--- DATA SHOWN ---

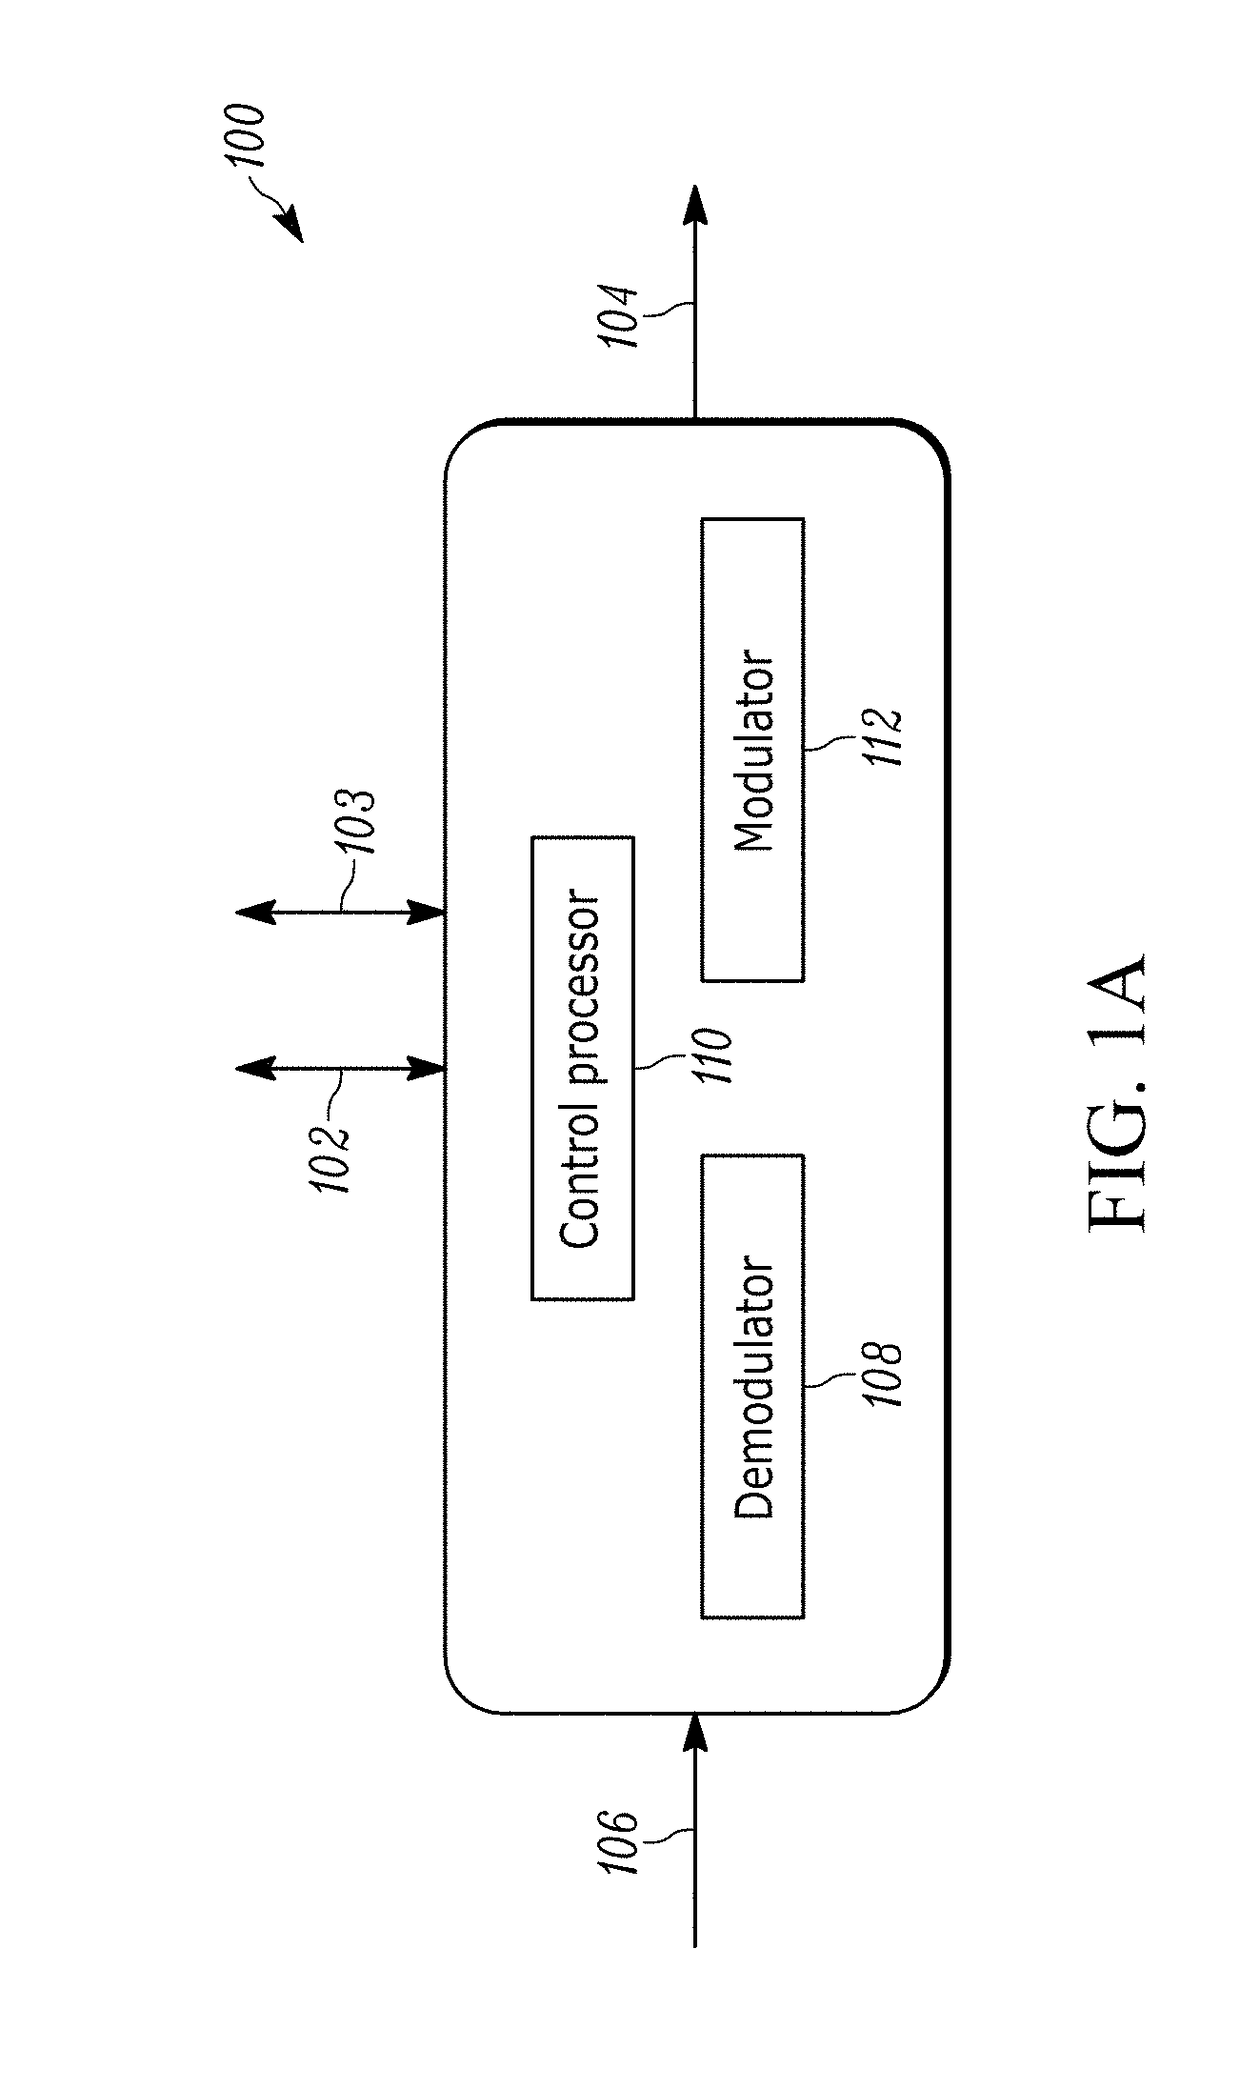 Method and Apparatus for Hardware-Configured Network
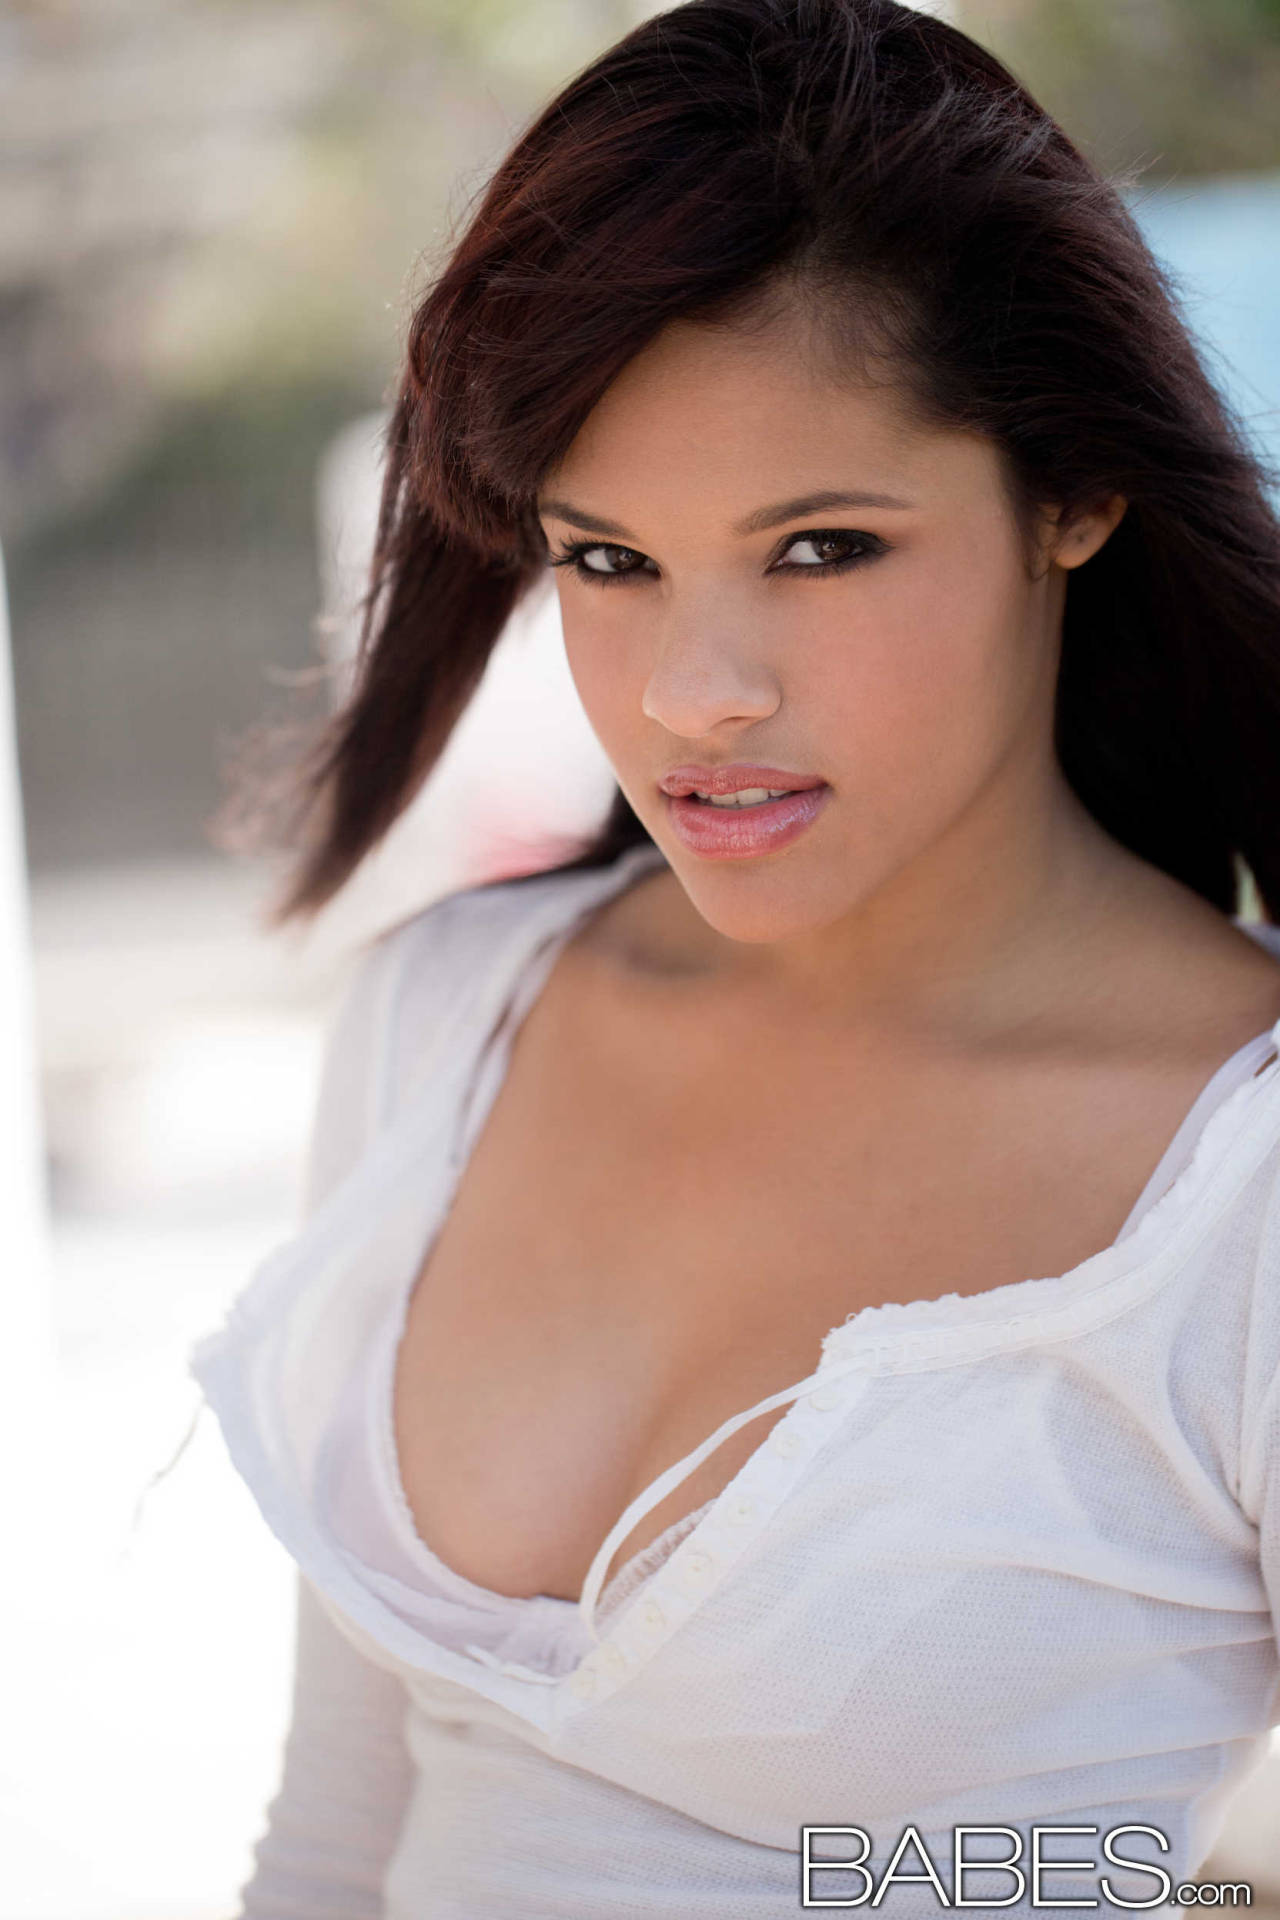 babescom:  Aria Salazar&rsquo;s booked the day off work, and she can&rsquo;t
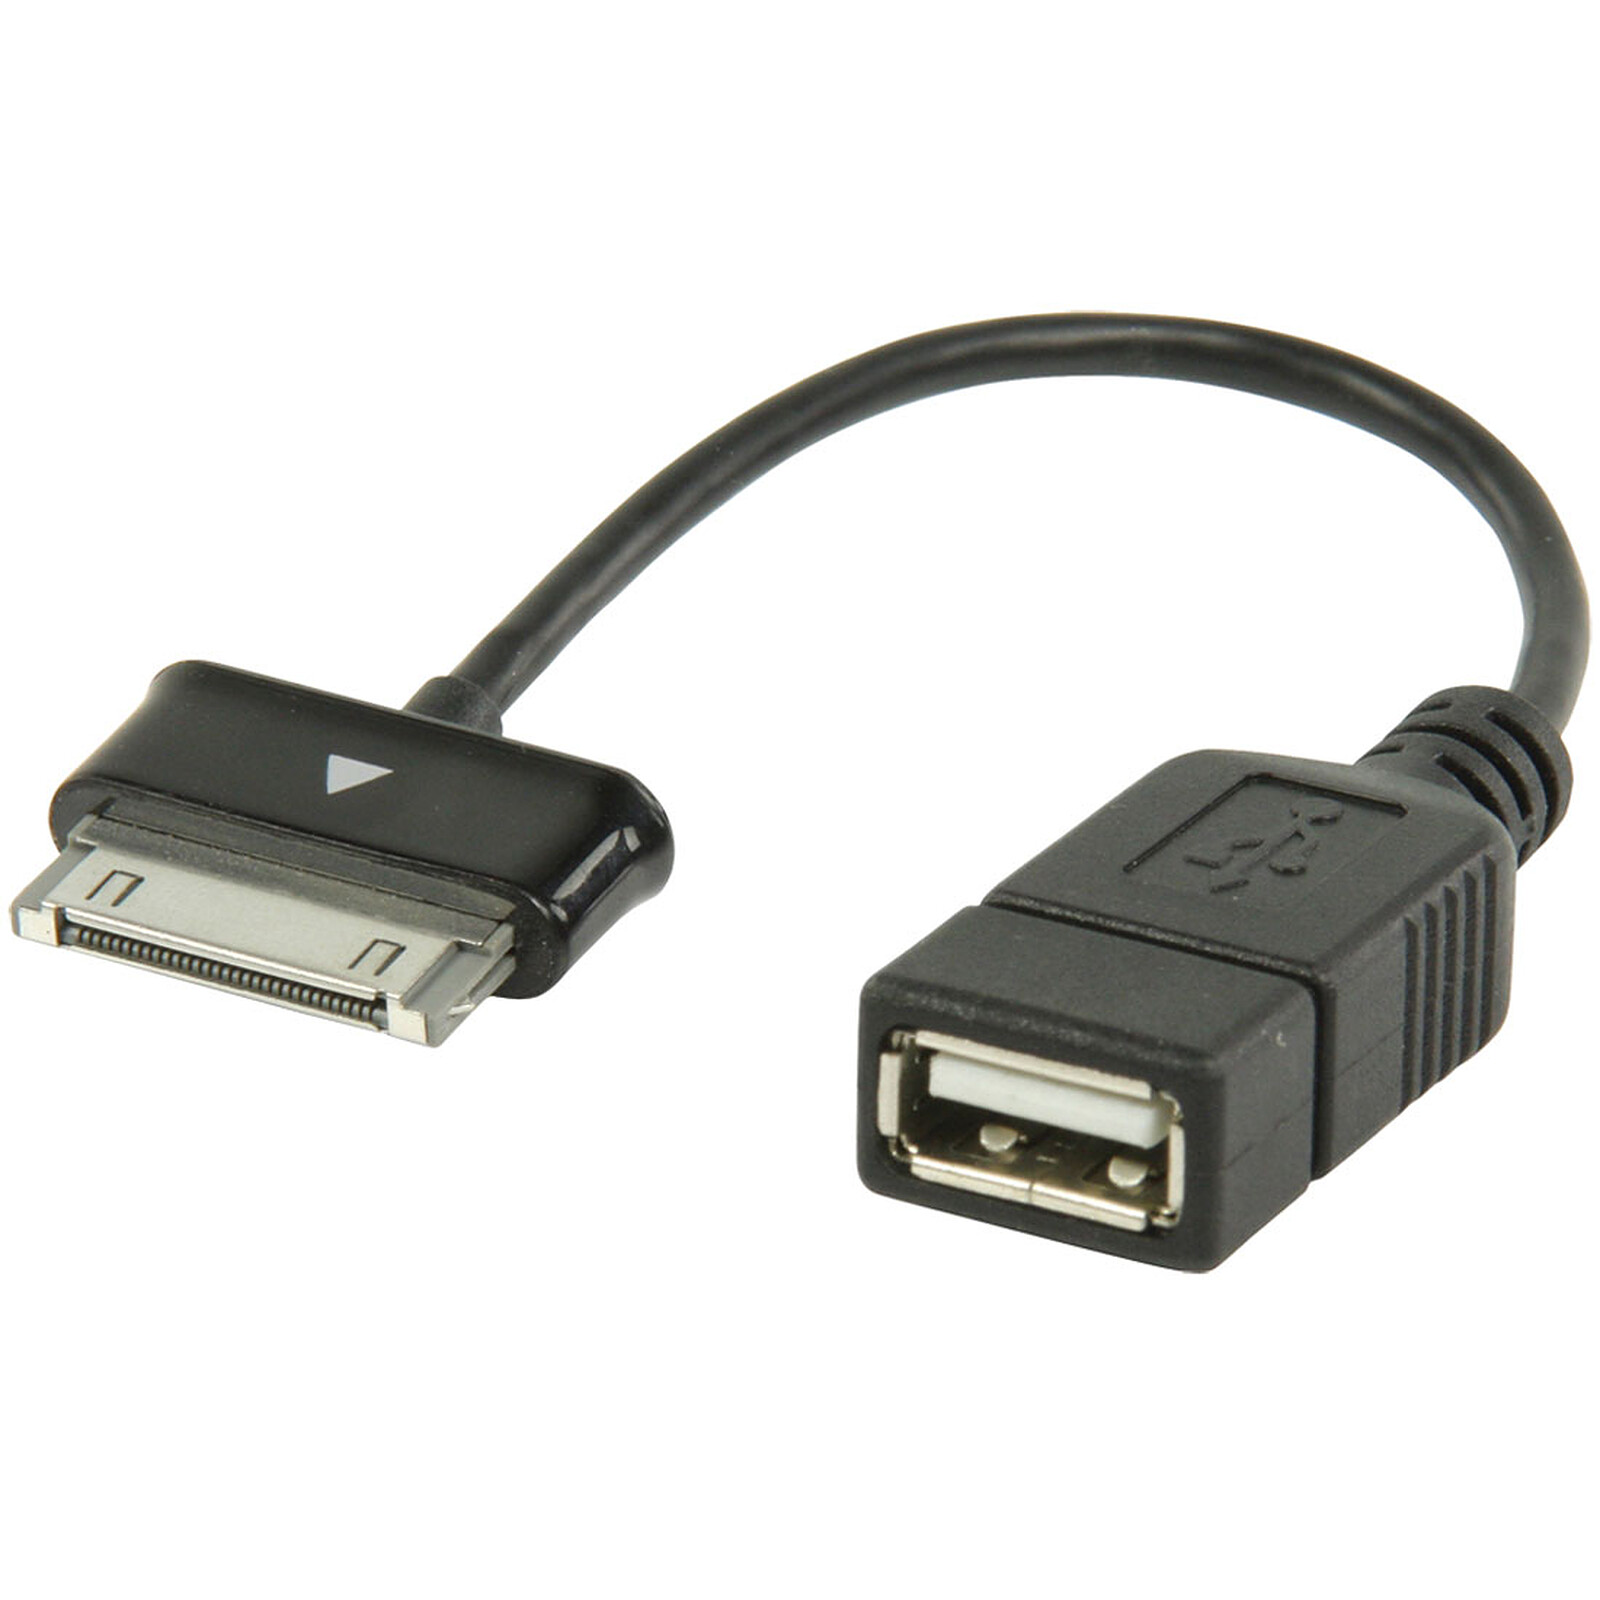 USB 2.0 OTG On-The-Go to Samsung 30 pin adapter - USB on LDLC Holy Moley

---

EXERCISE AIM: Every line from the line containing "and she can&rsquo;t" through the last line above is to be printed exactly. Pictures are not copied.

EXPECTED OUTPUT:
 babescom:  Aria Salazar&rsquo;s booked the day off work, and she can&rsquo;t
 USB 2.0 OTG On-The-Go to Samsung 30 pin adapter - USB on LDLC Holy Moley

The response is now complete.